**To do**. Restate word for word the lines that begin the listing and end with the line holding "Matchday at the".
_ _ _ _ _
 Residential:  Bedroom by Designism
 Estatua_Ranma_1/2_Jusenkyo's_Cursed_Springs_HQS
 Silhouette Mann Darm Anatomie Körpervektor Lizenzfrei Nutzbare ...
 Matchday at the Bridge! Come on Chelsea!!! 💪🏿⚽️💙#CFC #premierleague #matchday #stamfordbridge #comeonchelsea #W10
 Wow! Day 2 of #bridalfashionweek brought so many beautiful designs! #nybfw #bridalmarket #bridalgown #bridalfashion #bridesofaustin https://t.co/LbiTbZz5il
_ _ _ _ _
**Exercise response**.
 Residential:  Bedroom by Designism
 Estatua_Ranma_1/2_Jusenkyo's_Cursed_Springs_HQS
 Silhouette Mann Darm Anatomie Körpervektor Lizenzfrei Nutzbare ...
 Matchday at the Bridge! Come on Chelsea!!! 💪🏿⚽️💙#CFC #premierleague #matchday #stamfordbridge #comeonchelsea #W10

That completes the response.